Critics pushed back from multiple directions. Nicki Minaj’s fanbase specifically took issue with the framing, arguing that the original joke about her was not simply edgy comedy but a sexually degrading statement about a real woman with a family. Several replies questioned the credibility of Boosie as an advisor given his own well-documented controversies, with one widely circulated reply noting the irony of a man who has apologized to courts and legal authorities telling someone else never to apologize. “Taking advice from Boosie is a choice,” one reply with 261 likes stated flatly.
The broader debate in the thread kept returning to the same fault line: the difference between comedy that challenges and comedy that demeans. Bernie Mac’s name became a flashpoint in that debate, with some users arguing he represented fearless truth-telling and others contending he would never have made the specific kind of joke Epps made about Minaj in the first place.
What the Debate Over Mike Epps’ Jokes Says About Comedy
The conversation sparked by Boosie’s clip is not really about Mike Epps or even about the specific jokes that started it. It is about a tension that has been building in comedy and entertainment for years. So, the question of whether the expectation of public accountability has fundamentally changed what comedians are allowed to say and do without consequence. Every few months a new incident reignites the argument. As a result, the positions on both sides have become almost scripted at this point.
What makes this particular moment slightly different is the generational framing Boosie introduced by invoking Bernie Mac. Rather than making a general argument for free speech or artistic freedom, Boosie pointed to a specific era and a specific standard — one that many in hip-hop and Black comedy circles hold as a touchstone. Bernie Mac’s style was confrontational, deeply personal, and unapologetically rooted in Black life and experience. Measuring Epps against that standard is a meaningful cultural reference, not just a talking point.

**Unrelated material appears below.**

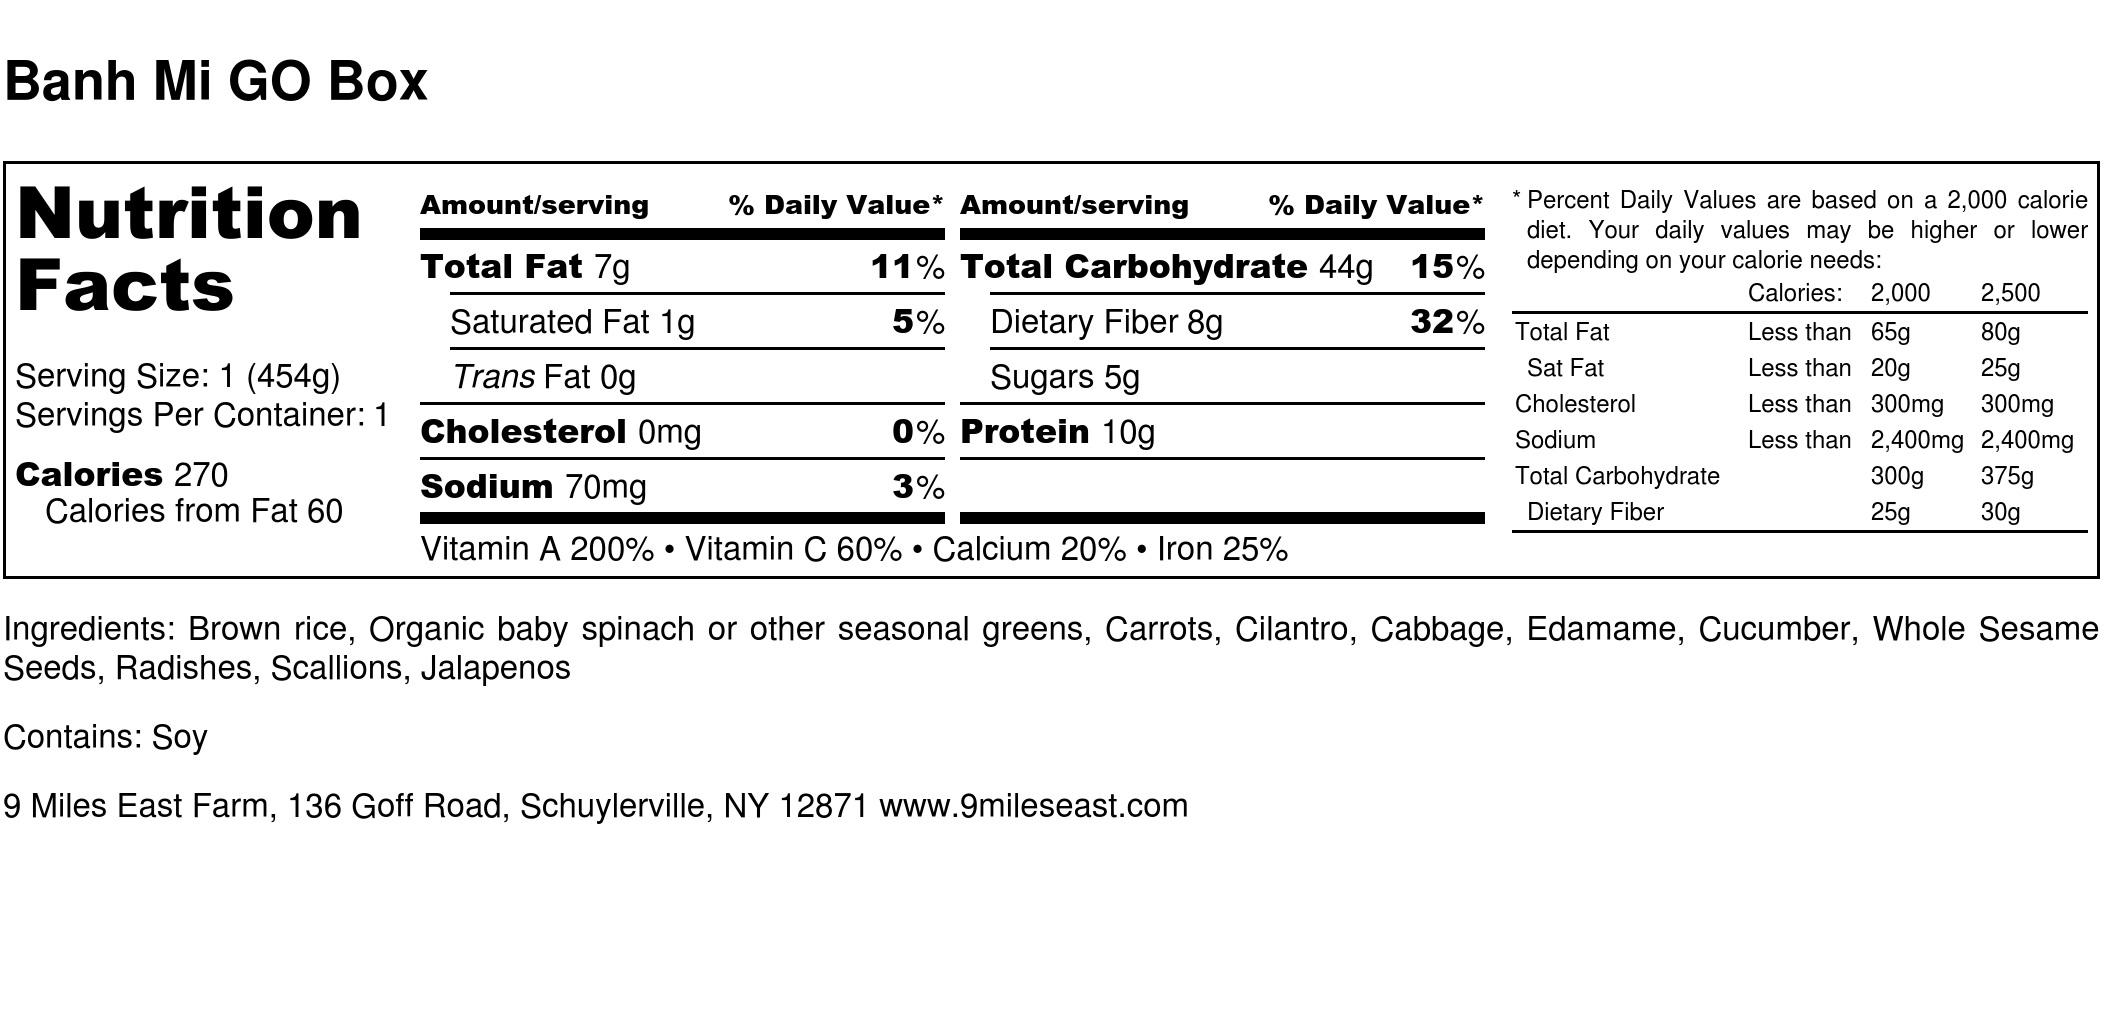 Banh Mi GO Box - Nutrition Label.jpg
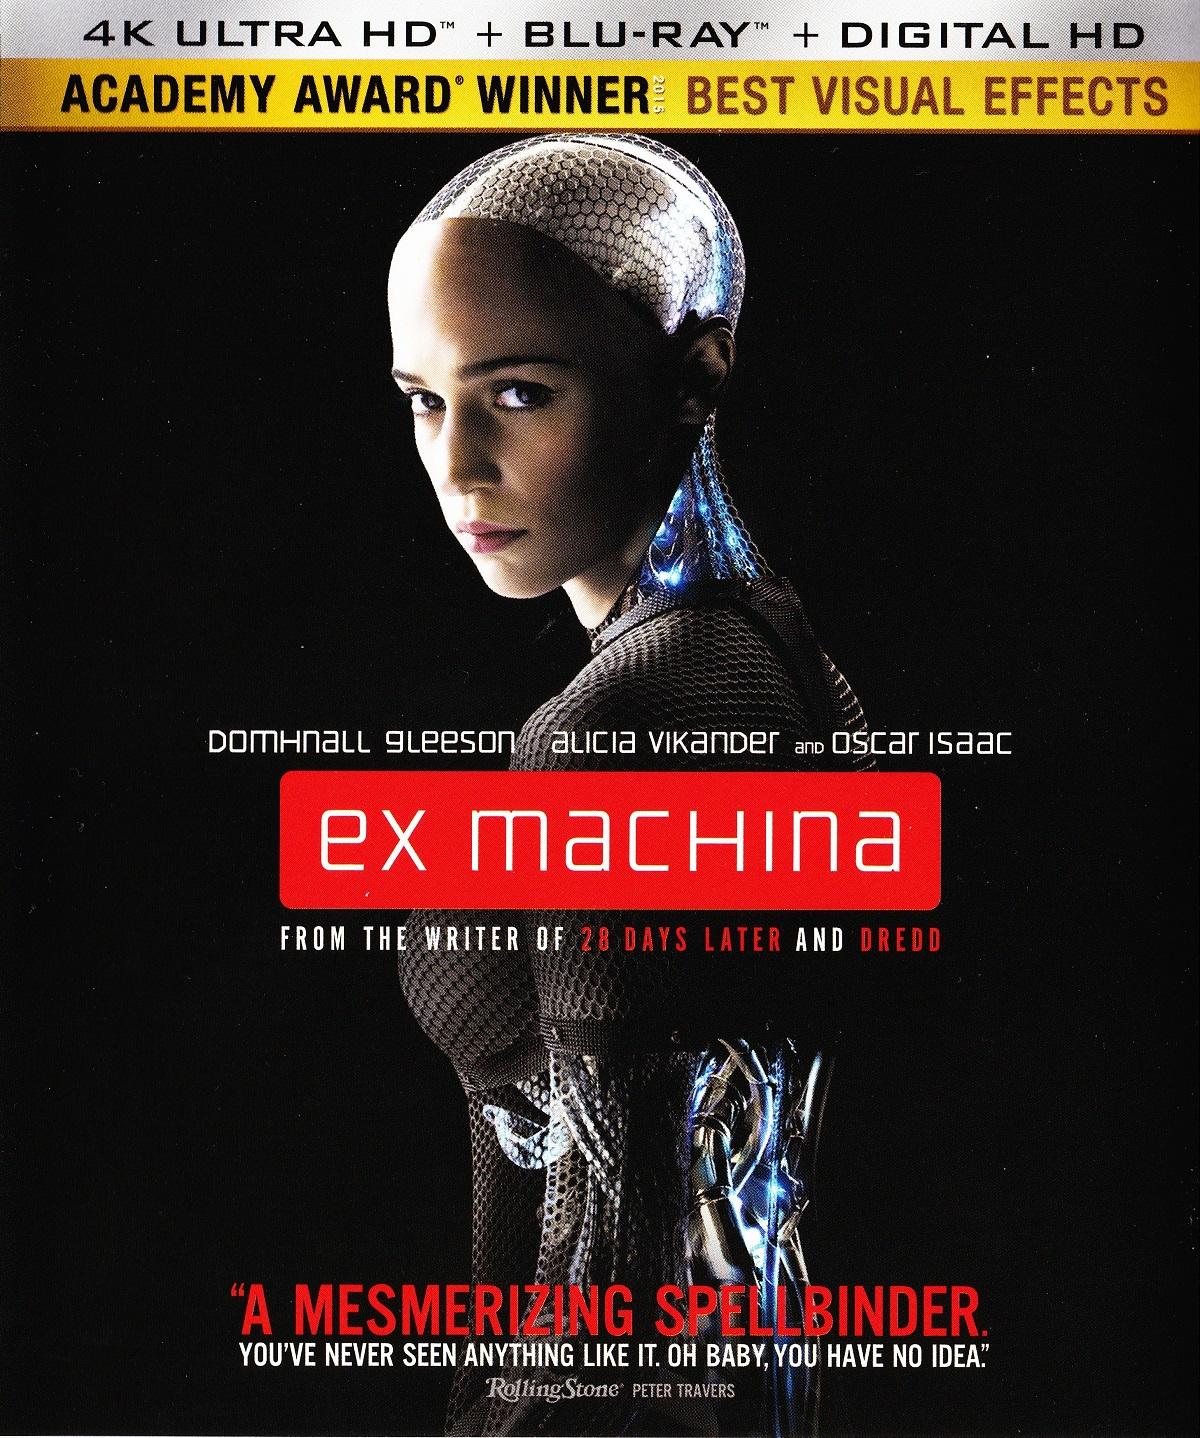 ex-machina-4k-front.jpg

The homeless joke and the Nicki Minaj joke are different in kind — one involves a celebrity and political commentary, the other involves vulnerable people with no platform to respond. That distinction got somewhat lost in the debate, but it matters. Accountability in comedy is not one-size-fits-all, and the conversation Boosie’s clip started, for all its noise, is one that comedy and culture genuinely need to keep having.
Conclusion
Boosie Badazz’s advice to Mike Epps landed as more than just one friend encouraging another. Additionally, it became a cultural flashpoint about comedy, accountability, and the legacy of performers like Bernie Mac who never asked the audience for permission. Whether Epps takes that advice going forward remains to be seen., However, his public declaration of being “tired of apologizing” suggests the message arrived at a receptive moment.
The internet is divided, and it will likely stay that way. What is clear is that the debate over where comedy ends and harm begins is not going anywhere — and every time a clip like this surfaces, it pulls that conversation back to the center of the culture where it lives.